Coxeter groups appear in mathematics as symmetry groups of many objects, in particular, symmetry groups of regular polyhedra (the five Platonic solids known already to ancient Greeks) as well as symmetry groups of many tilings used both in art and real life. Cluster algebras is a very recent notion introduced by Fomin and Zelevinsky in 2002. Soon after that, it turned out that cluster algebras are connected to many other fields in mathematics, such as combinatorics of polytopes, representation theory, Poisson geometry, Teichmuller theory, integrable systems. These connections brought together researchers from many different branches of mathematics and mathematical physics, which induced amazingly rapid growth both of the theory of cluster algebras and of related fields.It was known since introduction of cluster algebras that some cluster algebras are connected to some Coxeter groups. More precisely, finite cluster algebras (the only ones which are finitely generated) are enumerated by finite crystallographic Coxeter groups. The first aim of this proposal is to push this correspondence further to the next complexity class of cluster algebras (called cluster algebras of finite mutation type and including a large class of cluster algebras arising from triangulated boardered surfaces). Algebras from this class should correspond to certain quotients of Coxeter group. For algebras arising from surfaces, the relations in the constructed group should correspond to certain paths on the surface.There are many natural questions arising once the correspondence between algebras and groups constructed. In particular, it is interesting to know if some of the groups constructed as quotients of Coxeter groups are Coxeter groups themselves? Can the constructed group be finite if the cluster algebra is not a finite one? Do different algebras induce different groups? How the obtained group is connected to the initial surface, in the case of a surface algebra?As one of the applications of the theory, we will construct finite volume hyperbolic manifolds with large symmetry groups.

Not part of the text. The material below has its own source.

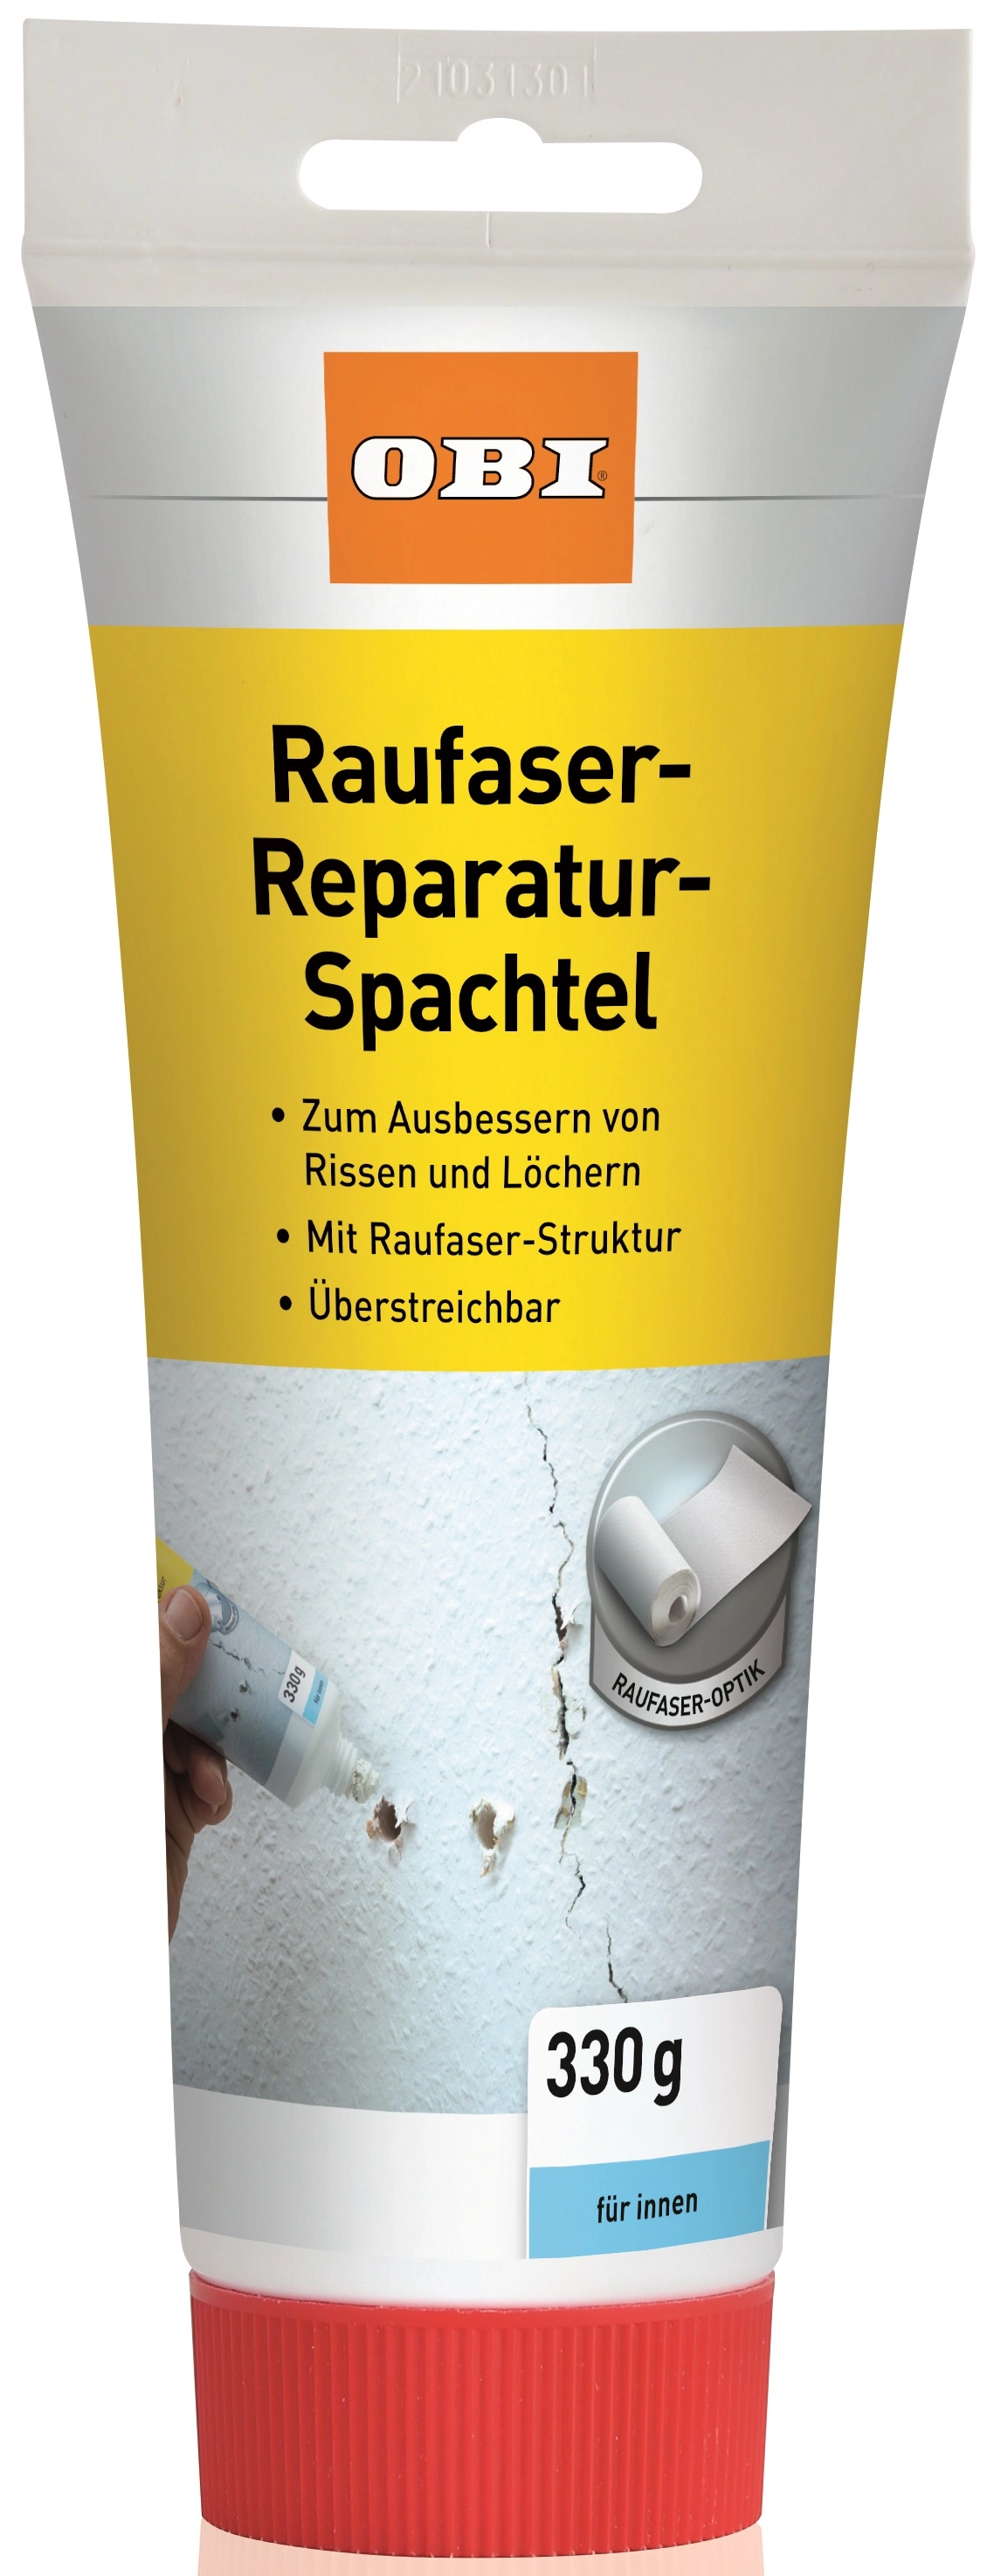 RADEX PLASTIC FLEX Spachtel für Kunststoff 0,5 kg inkl. Härter - Onli, 5,95  €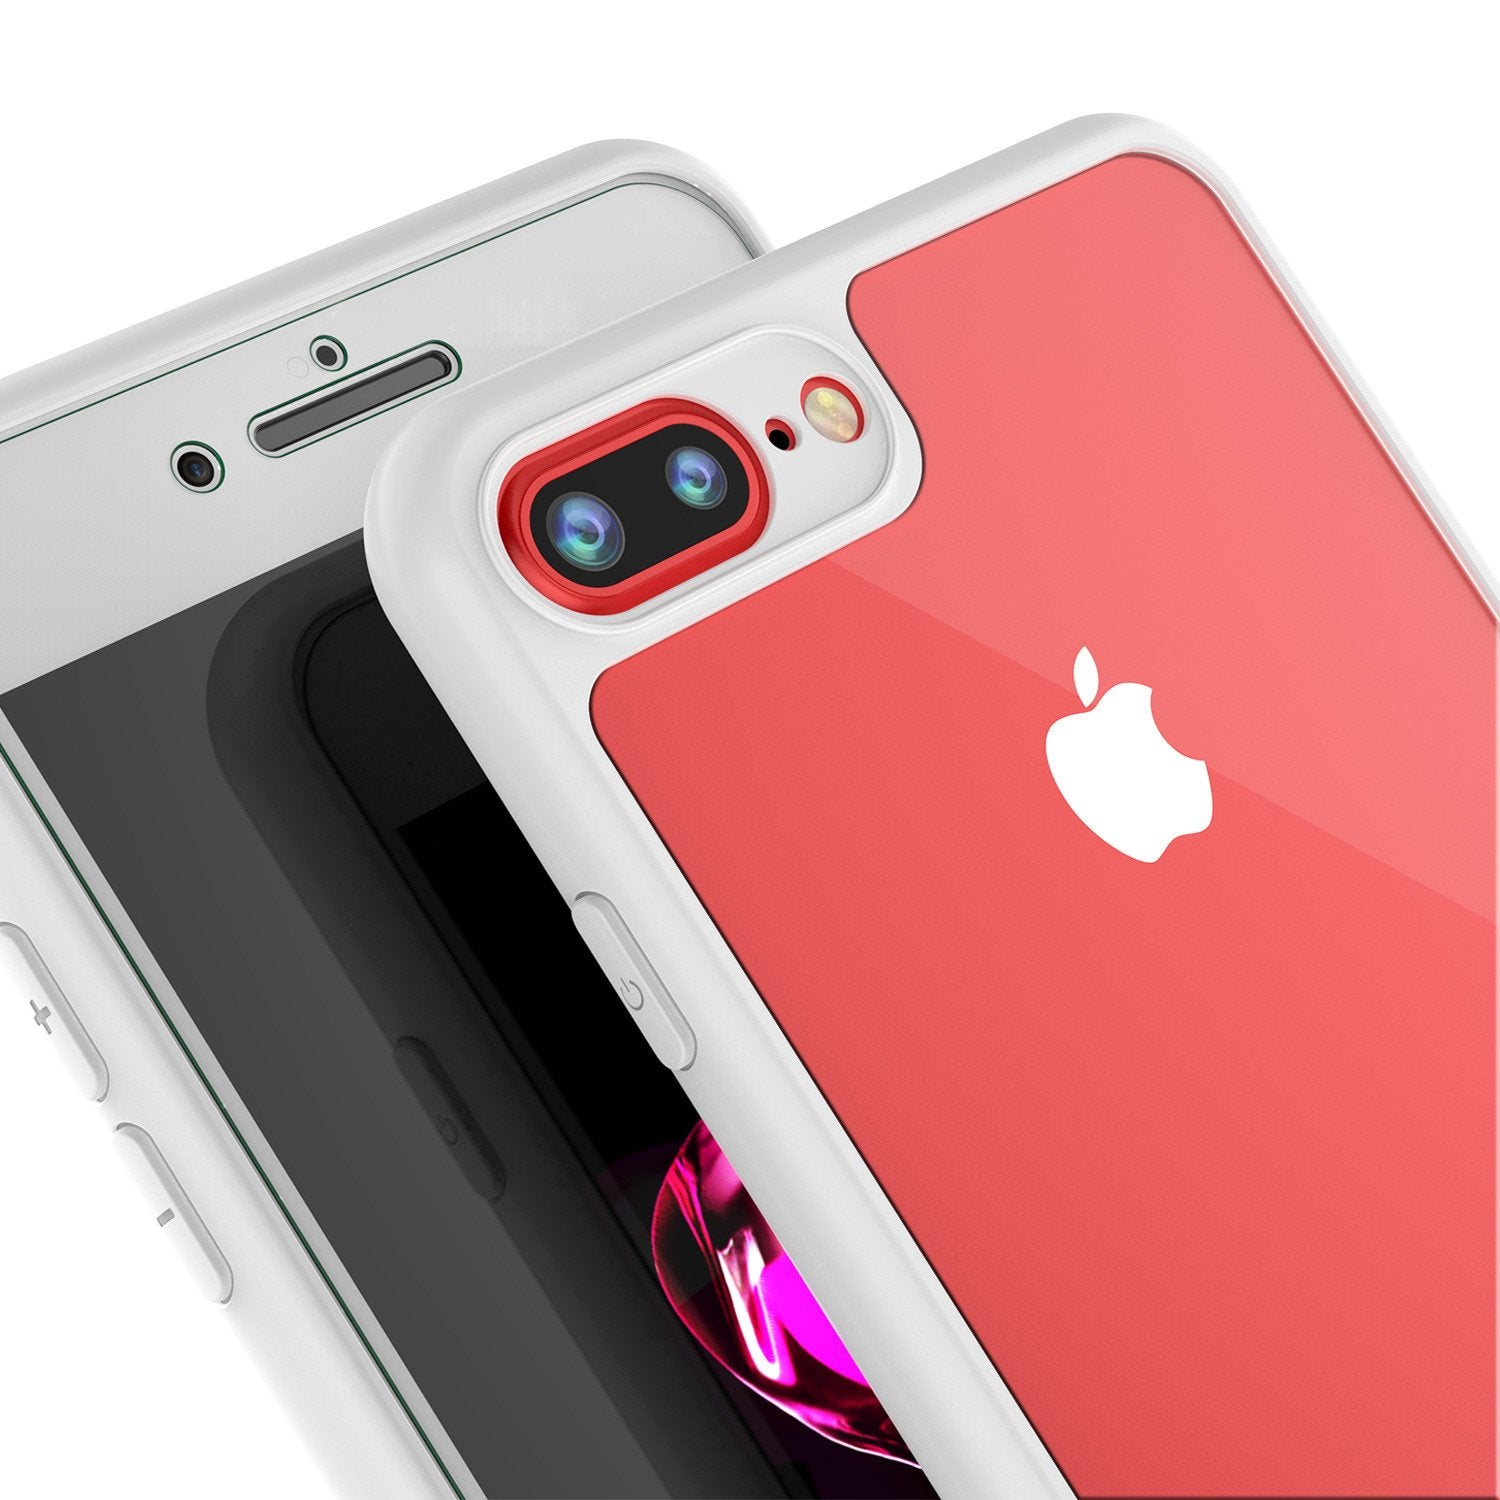 iPhone 8+ Plus Case [MASK Series] [PINK] Full Body Hybrid Dual

考克斯特群在数学中作为许多对象的对称群出现，特别是正多面体的对称群（古希腊人已经知道的五个柏拉图立体）以及艺术和真实的生活中使用的许多瓷砖的对称群。簇代数是Fomin和Zelevinsky在2002年提出的一个非常新的概念。不久之后，事实证明，簇代数与数学中的许多其他领域有关，例如多面体组合学，表示论，泊松几何，Teichmuller理论，可积系统。这些联系汇集了来自数学和数学物理的许多不同分支的研究人员，这引起了令人惊讶的快速增长理论的集群代数和相关领域。这是已知的，因为介绍了集群代数，一些集群代数连接到一些考克斯特群。更确切地说，有限簇代数（唯一的那些是双生成的）是由有限晶体Coxeter群枚举的。这个建议的第一个目的是将这种对应进一步推到簇代数的下一个复杂类（称为有限突变型簇代数，包括由三角化边界曲面产生的一大类簇代数）。这类代数应该对应于Coxeter群的某些子代数。对于由曲面生成的代数，所构造的群中的关系应该对应于曲面上的某些路，一旦构造了代数与群之间的对应关系，就会产生许多自然问题。特别是，它是有趣的知道，如果一些组构造为coxeter群的替代品是Coxeter群本身？如果簇代数不是有限的，那么所构造的群能是有限的吗？不同的代数能导出不同的群吗？在曲面代数的情况下，所得到的群如何与初始曲面相连？作为理论的应用之一，我们将构造具有大对称群的有限体积双曲流形。